Božin Simić (1881–1966) was a veteran of the struggle for Macedonia and Old Serbia, member of the Black Hand, a volunteer in the Balkan Wars and World War I, and prior to World War II became a Communist spy, a traitor to the Kingdom of Yugoslavia.

==Biography==
Born on 20 October 1881, in the village of Veliki Siljegovac near Kruševac. His parents were teachers. Simić graduated from the Military Academy in Belgrade and took an active part in the May Coup in 1903. From 1911 he was the supervising officer of the Vranje border region and the Ottoman Empire. He was a liaison officer in touch with Chetnik Voivode Vojislav Tankosić in Macedonia with the task of transferring arms and men across the border to Turkish-occupied territory. In August 1912, he joined a secret society called the Black Hand.
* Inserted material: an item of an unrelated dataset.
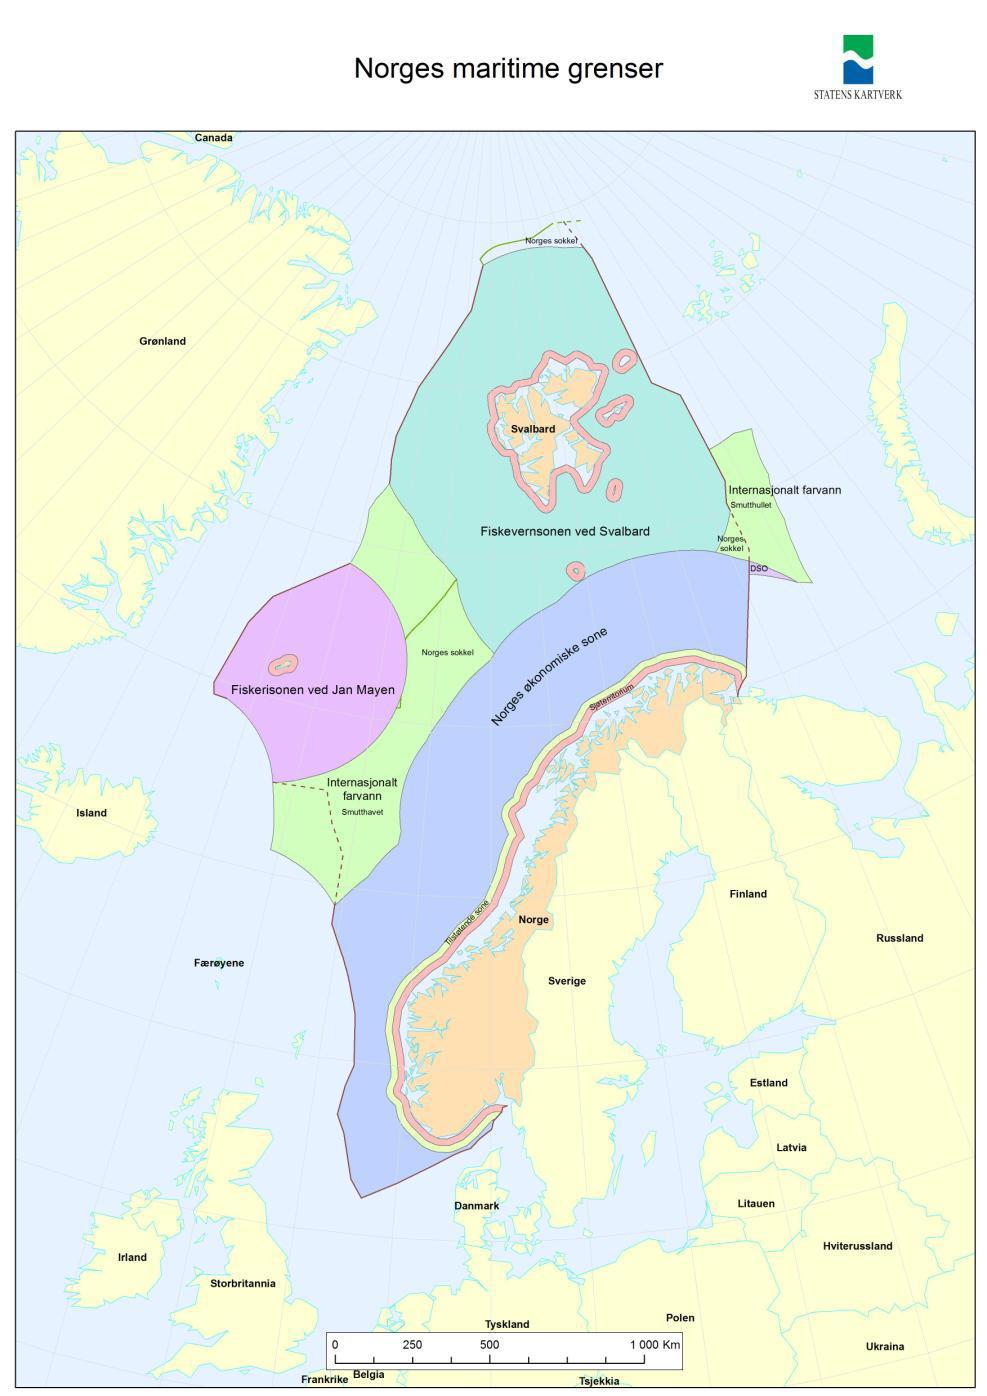 Norwegian and international waters NORWAY: Population: Mainland: Spitsbergen: Jan Mayen: Mainland coastline: 5,2 million 323.787 sq.km 61.022 sq.

During the First World War, he was a company commander. In 1916 he travelled to Imperial Russia, wherein Odessa he was in charge of recruiting soldiers for the Serbian army from the Austro-Hungarian prisoners and taking part in the establishment of the First Serbian Volunteer Division. In the Salonika trial of Black Hand participants in the May Coup, Simić was sentenced to 18 years in prison in absentia, which is why he remained in Russia and after the October Revolution where he became a Colonel in the Red Army. He remained in Russia until 1936 when he returned to the Kingdom of Yugoslavia. There he was arrested at the border, questioned, but managed to convince the authorities that he was not a spy, he was released from detention after two days. He was given back the rank of colonel which was taken away from him at the Salonika trial in 1917.
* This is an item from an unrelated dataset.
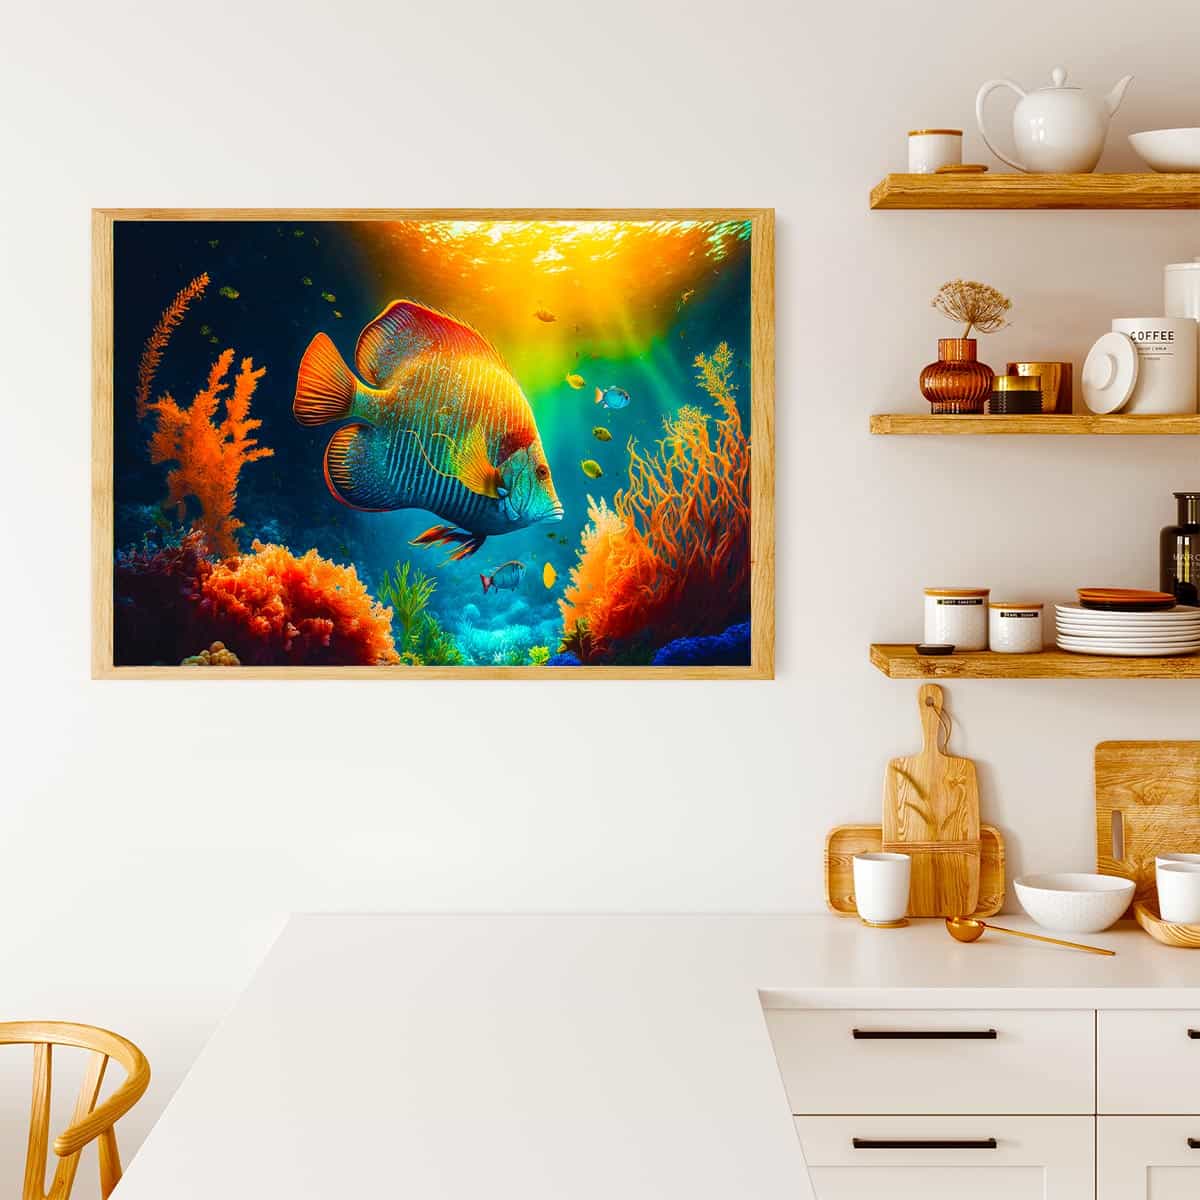 Diamond Painting - Fisch im Sonnenstrahl - gedruckt in Ultra-HD - Fisch, Horizontal, Meer, Tiere

Simić was in touch with General Dušan Simović, with whom he met on 26 March, the day before the Yugoslav coup d'état took place, and informed him about the Soviet Union's mood to conclude an agreement with Yugoslavia. In the Government of Dušan Simović, he was appointed minister without portfolio. As a minister without portfolio, he and Dušan Simović participated in negotiations with Stalin, and immediately after the military coup d'état on 27 March 1941, Mustafa Golubić, the senior NKVD officer and Božin Simić travelled together from Belgrade to Moscow to attend the signing of the Yugoslav-Soviet Union Friendship Agreement. German forces invaded the country ten days later.
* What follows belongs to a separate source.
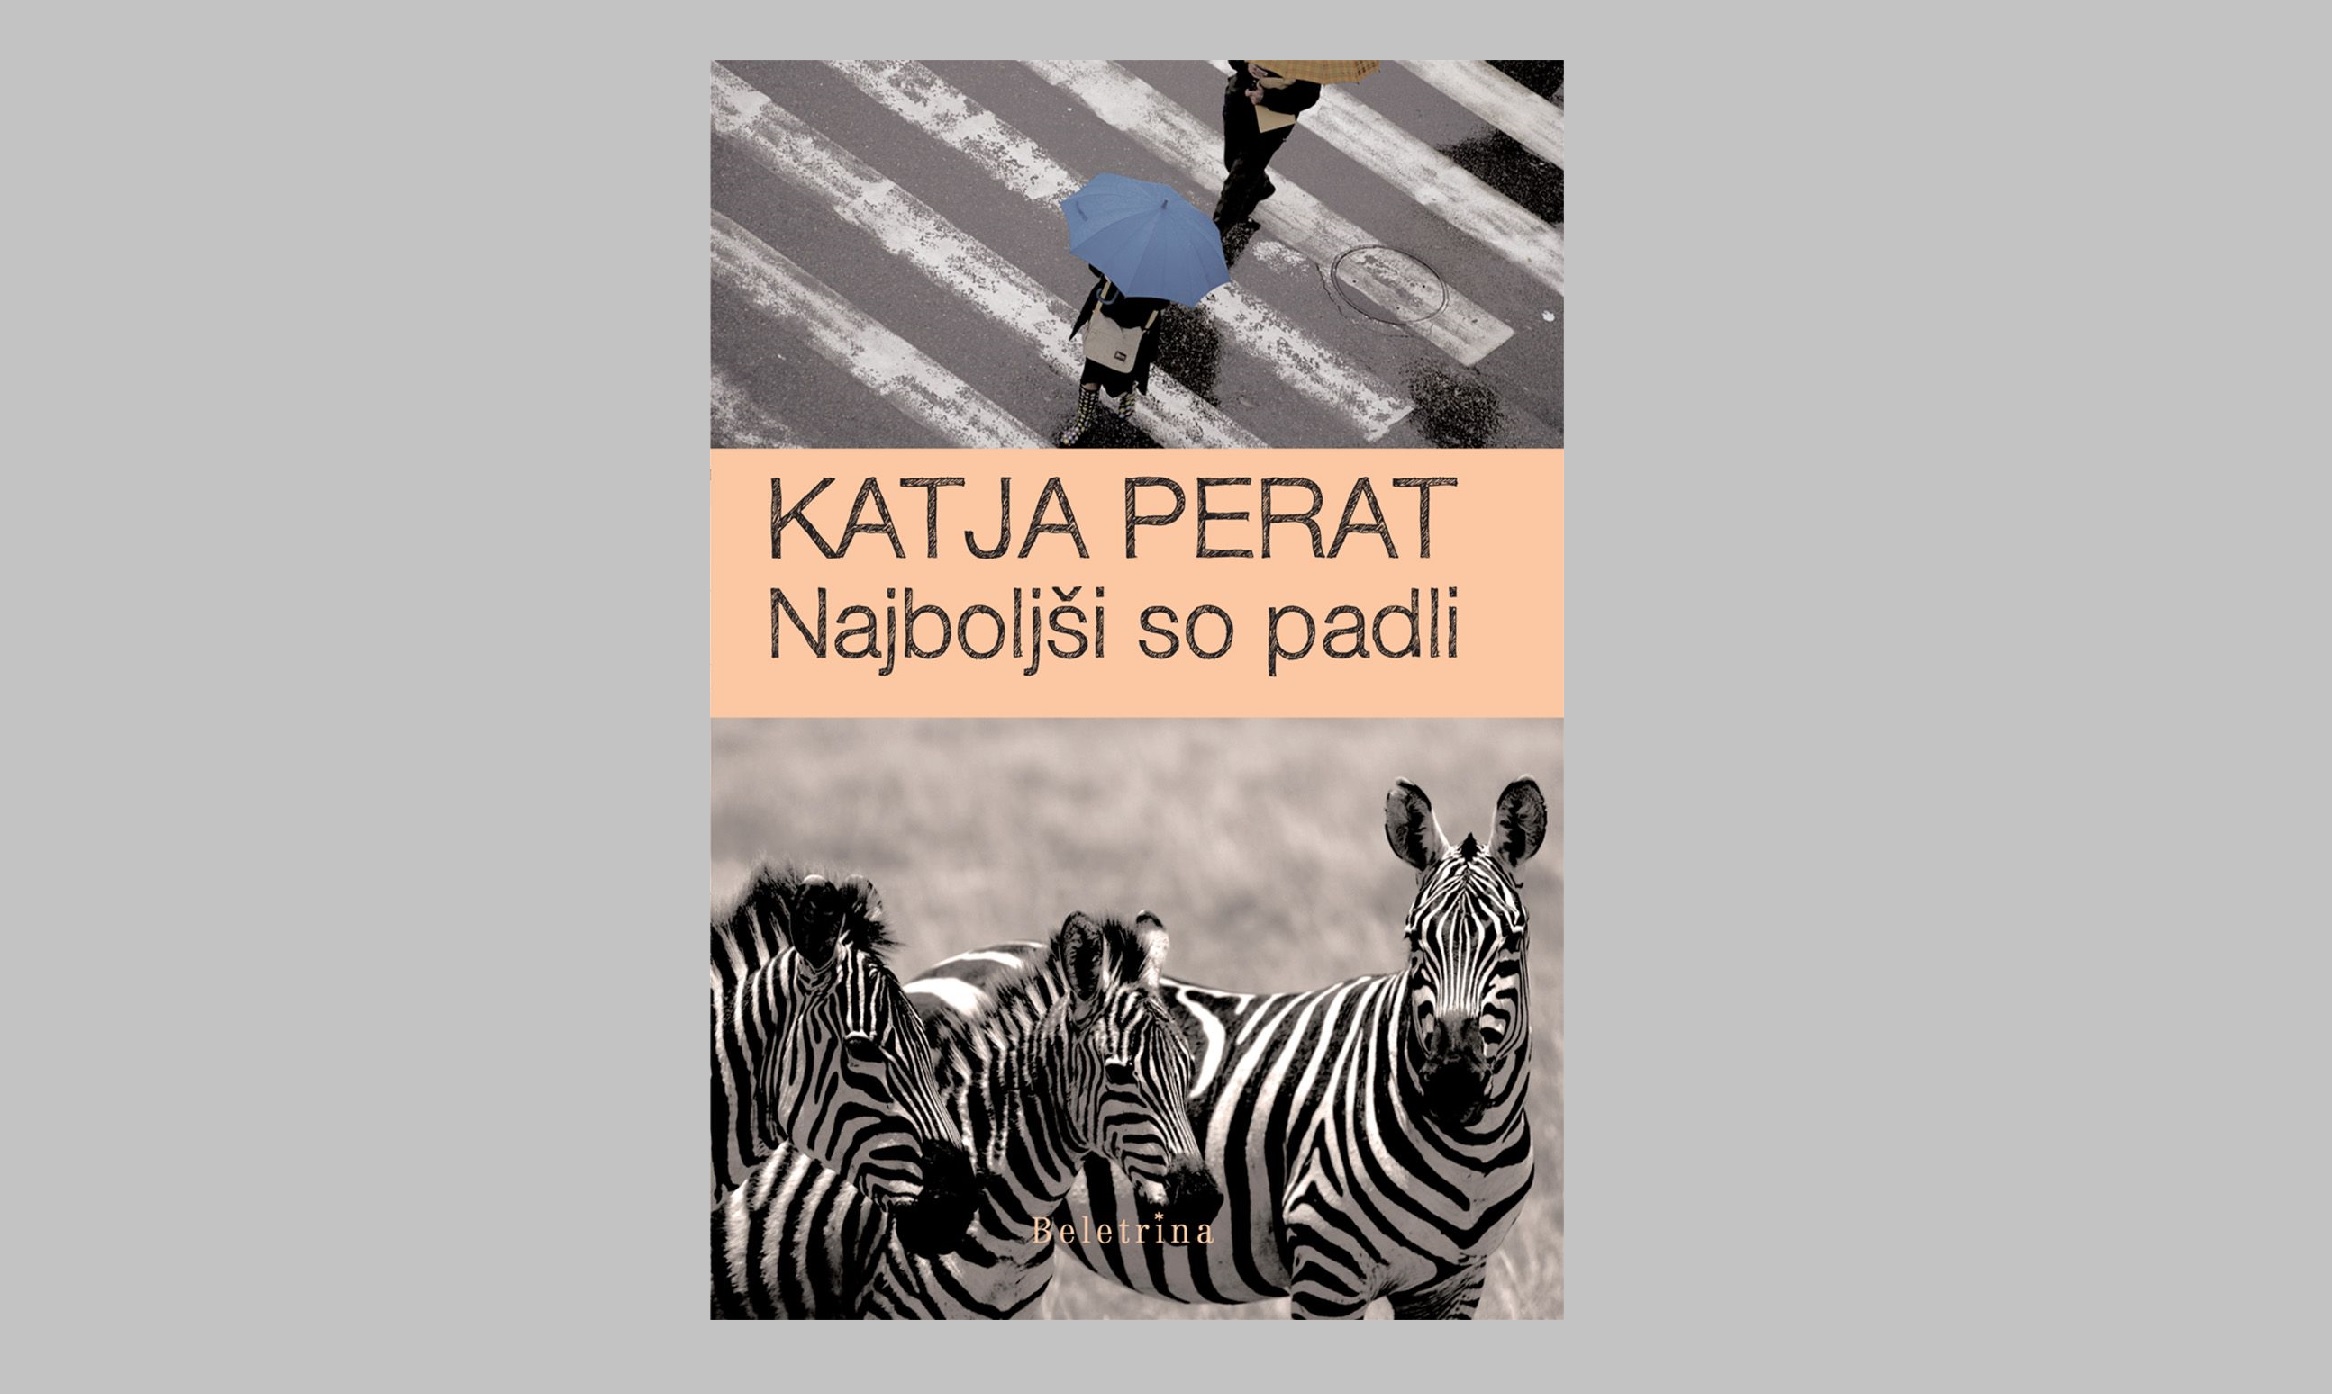 ‘Fear of Language’ – a Katja Perat poem translated

During the Second World War, Božin Simić, as Minister of the Government-in-exile in London, opposed the bombing of Belgrade by the Allies, because in Serbia a movement of resistance to the occupying forces was afoot from the start, for example, not bombing Bulgaria, which has openly shifted to the side of the axis force. After that, Sofia was bombed for several days. Because of this stance in 1946, on his way to Ankara to take over the position of Tito's first ambassador there, an attempted assassination was made by a Bulgarian agent, but he survived.

He died on 24 February 1966, in Belgrade. He was 84.